What the task requires> Retype exactly the lines from the one that contains "2018 New Double" through the end of the listing, both included, but not the pictures.

Data provided>
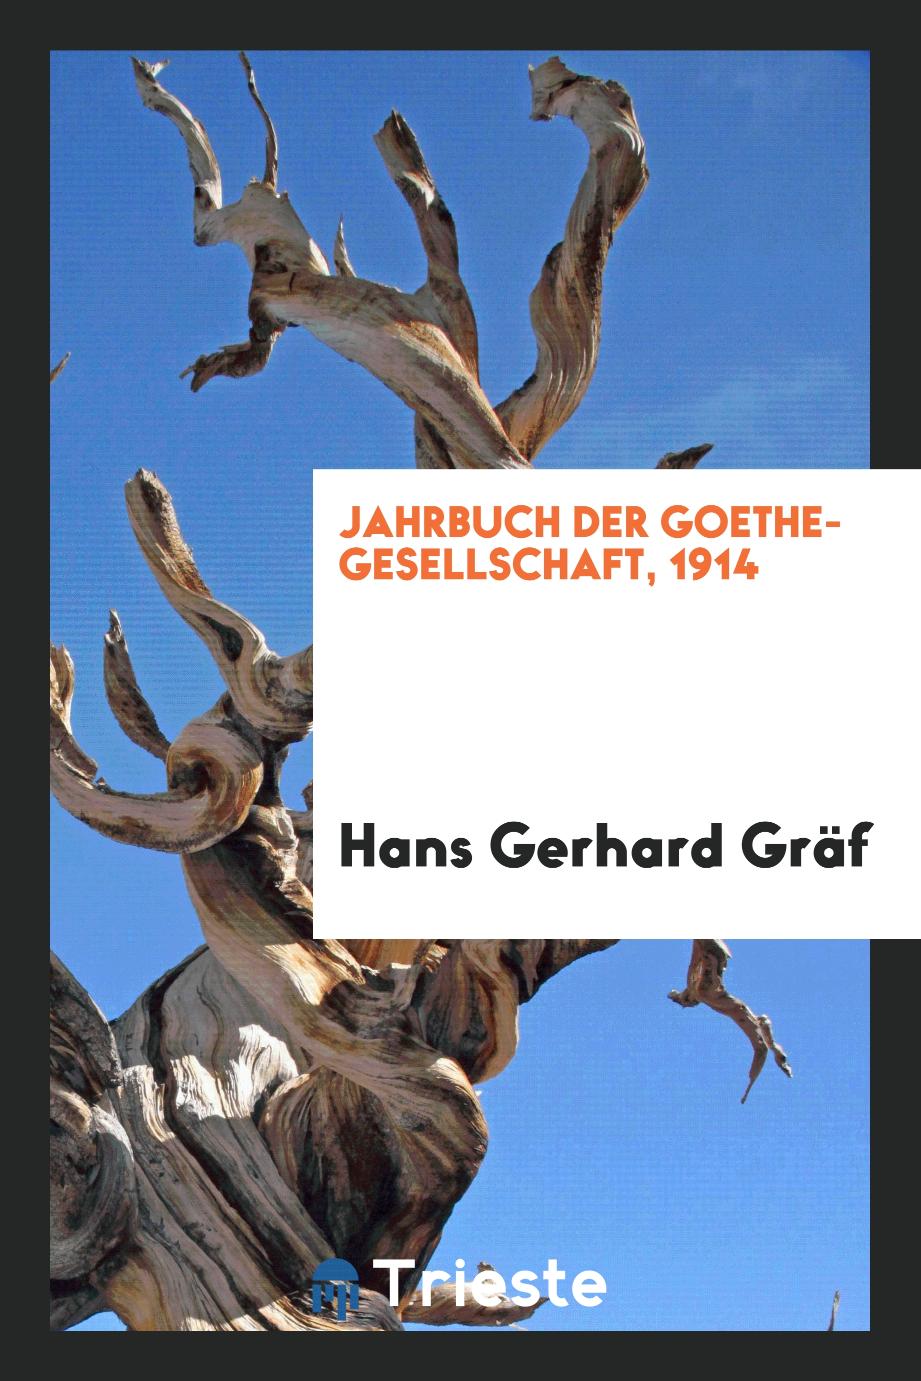 Jahrbuch der Goethe-Gesellschaft, 1914
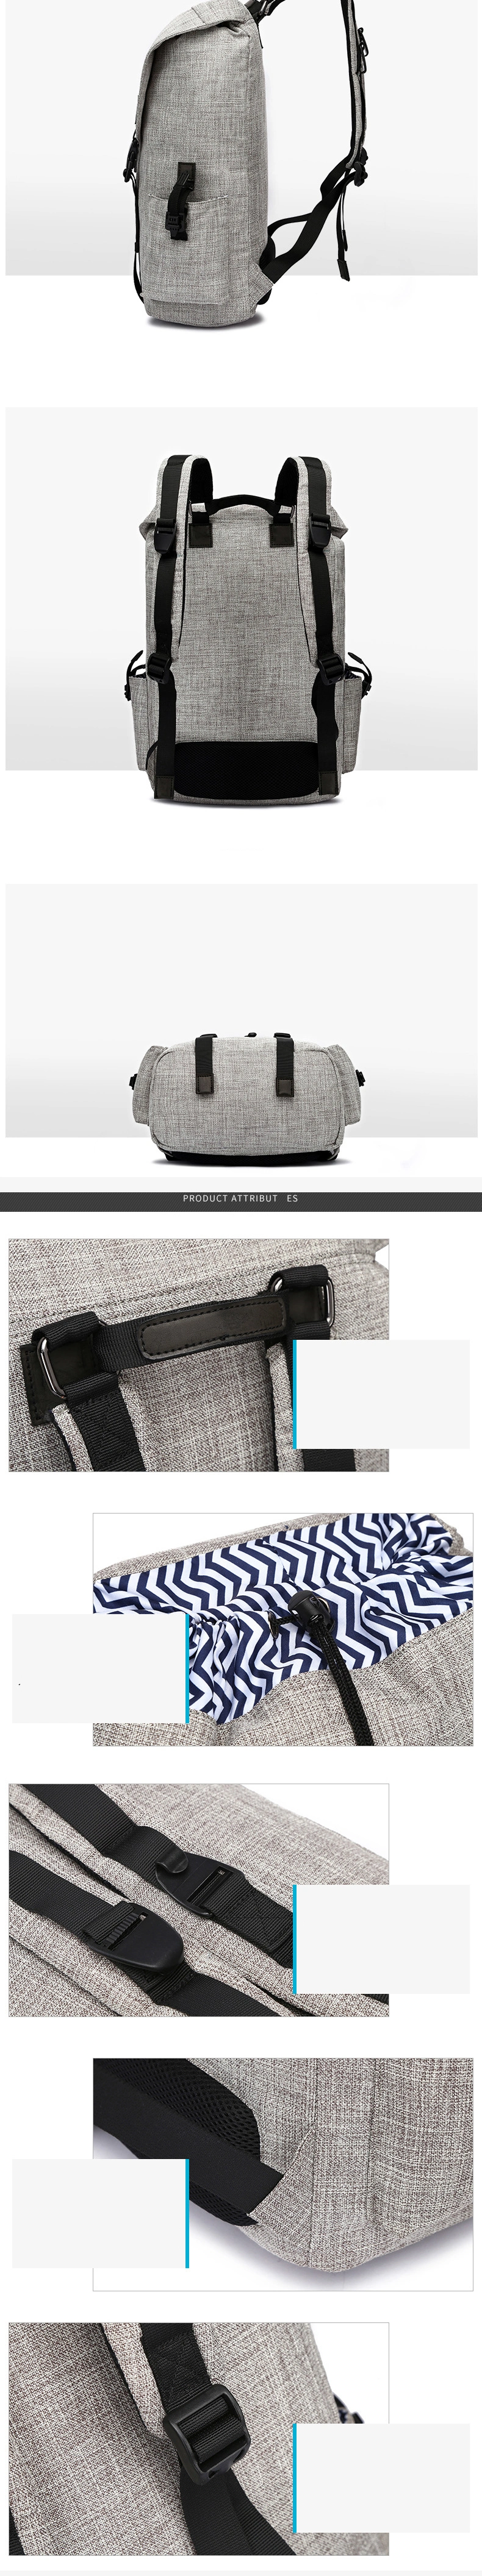 2018 New Double Shoulder Bag Trend Men's Leisure Bag Multifunctional Handbag Business Computer Bag
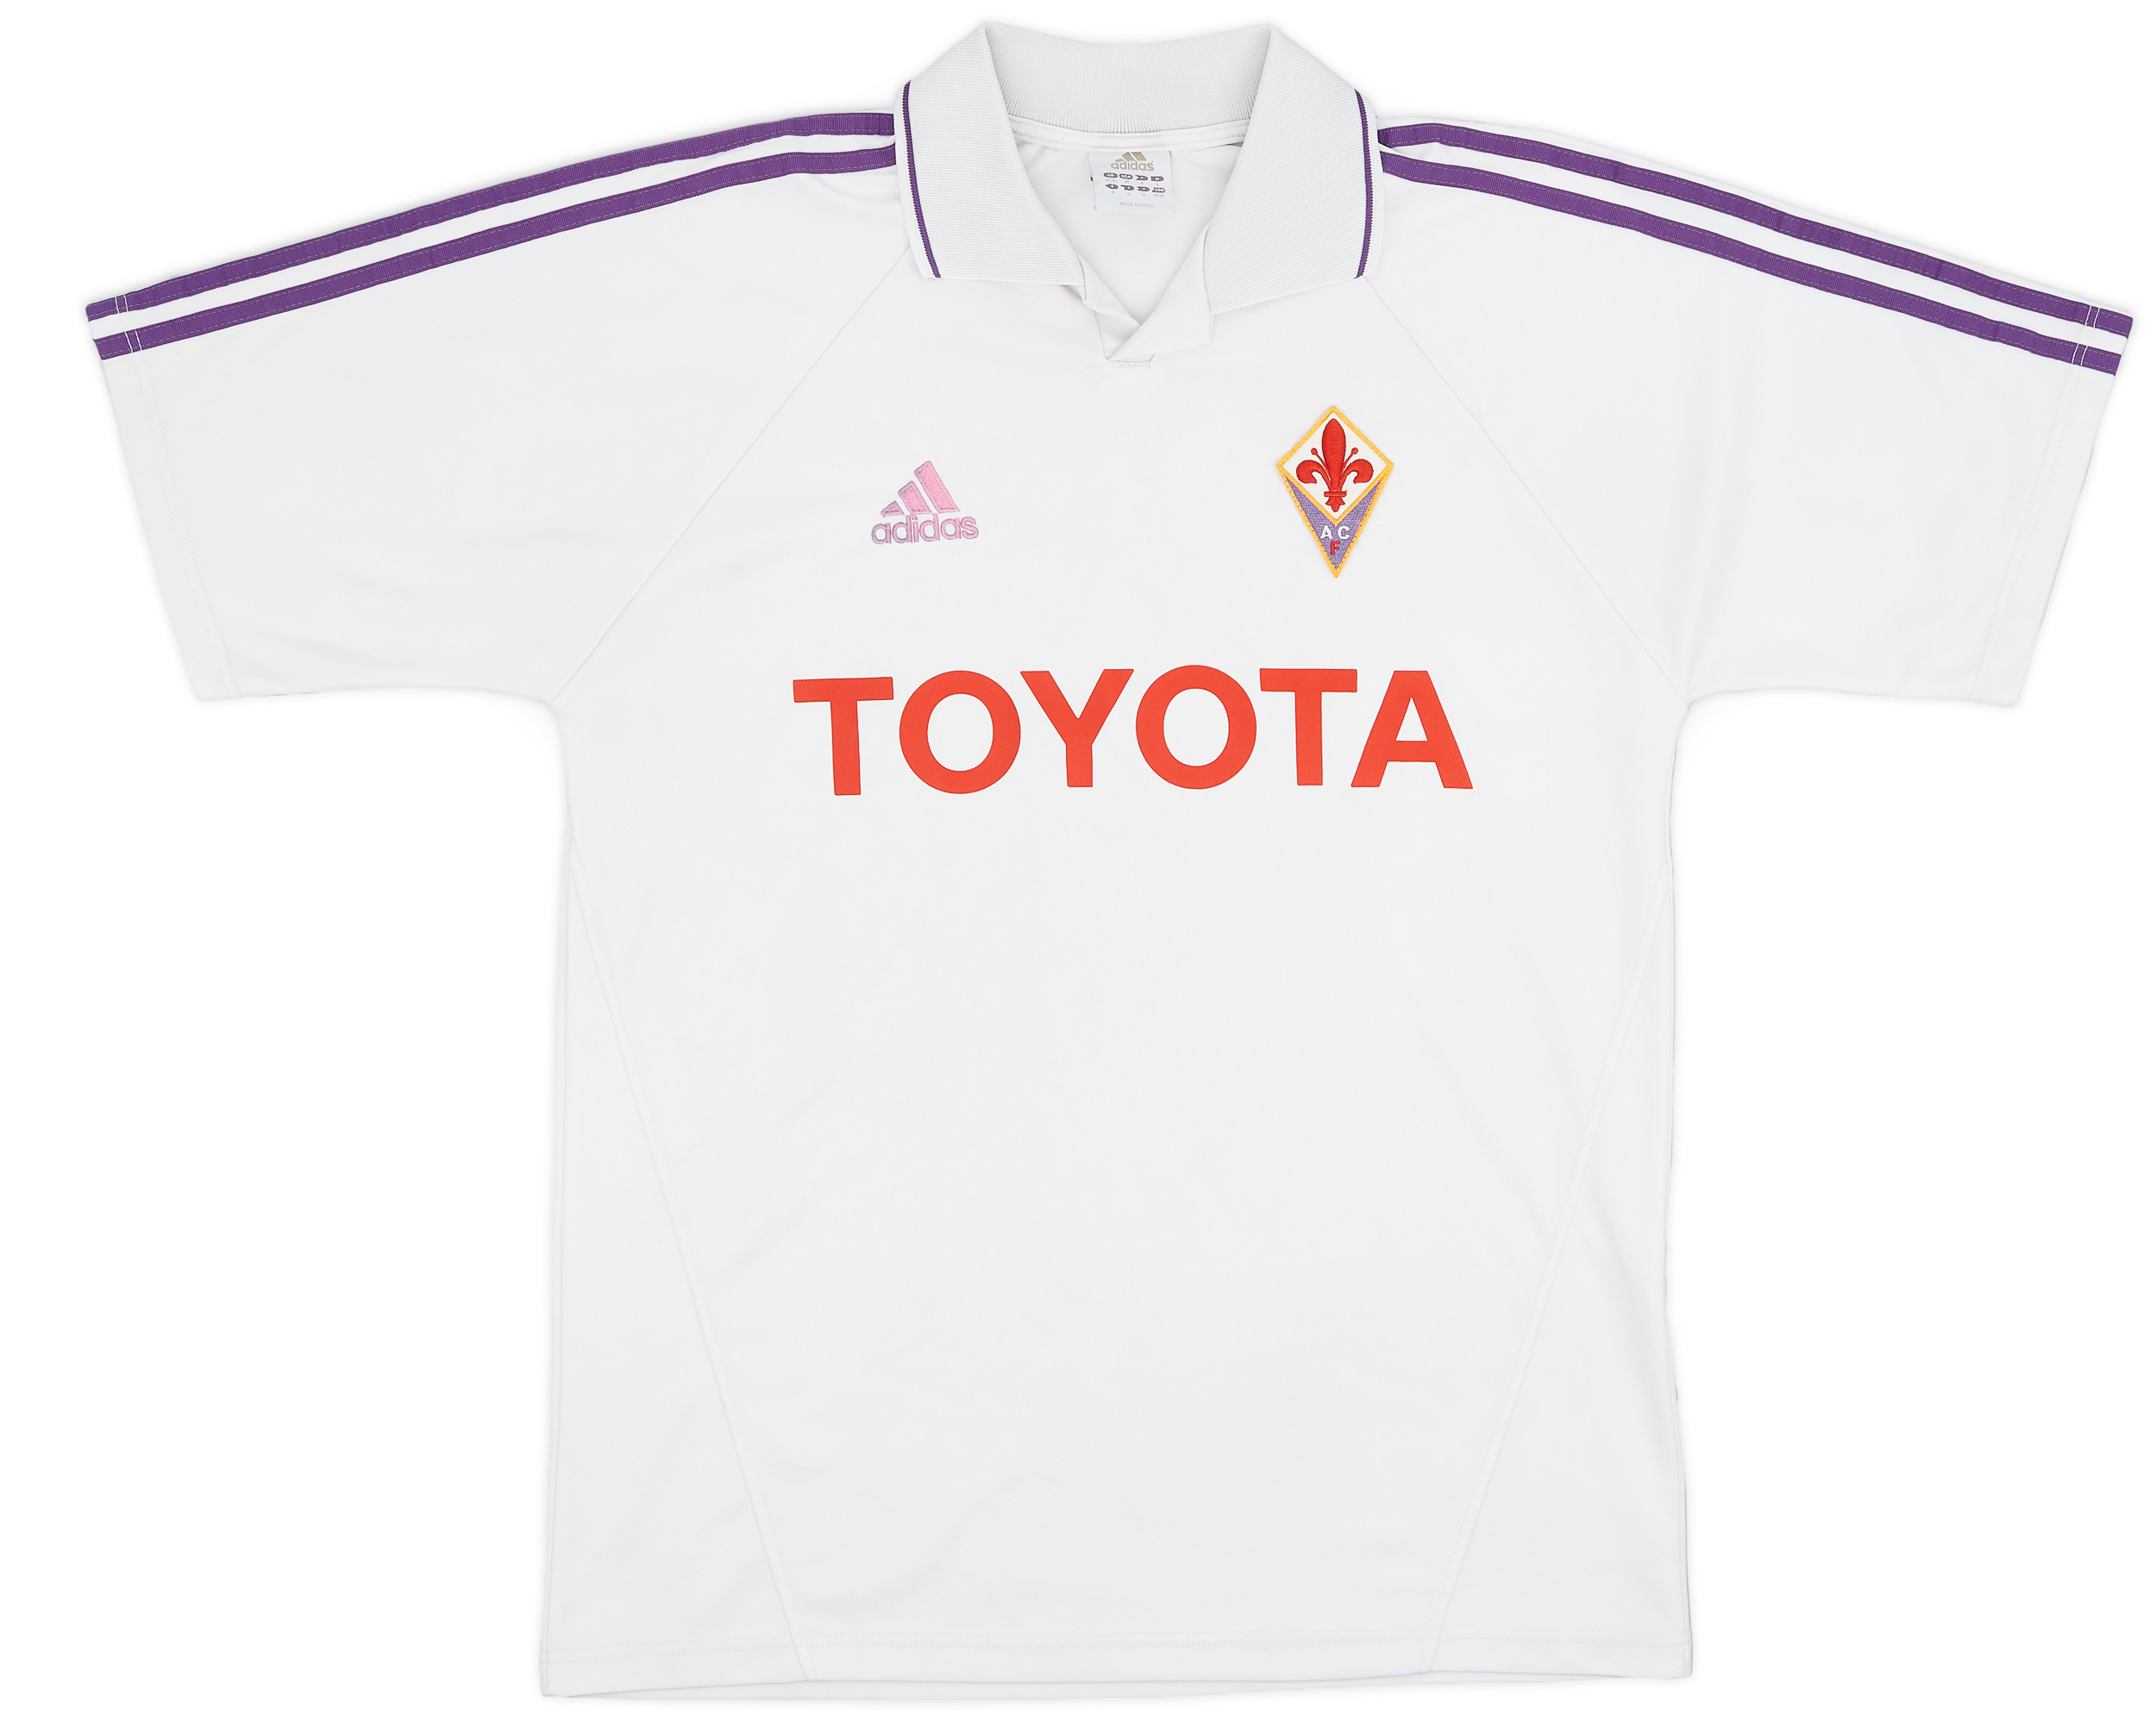 2004-05 Fiorentina Away Shirt - 6/10 - (/)

Exercise result>
 2018 New Double Shoulder Bag Trend Men's Leisure Bag Multifunctional Handbag Business Computer Bag
 2004-05 Fiorentina Away Shirt - 6/10 - (/)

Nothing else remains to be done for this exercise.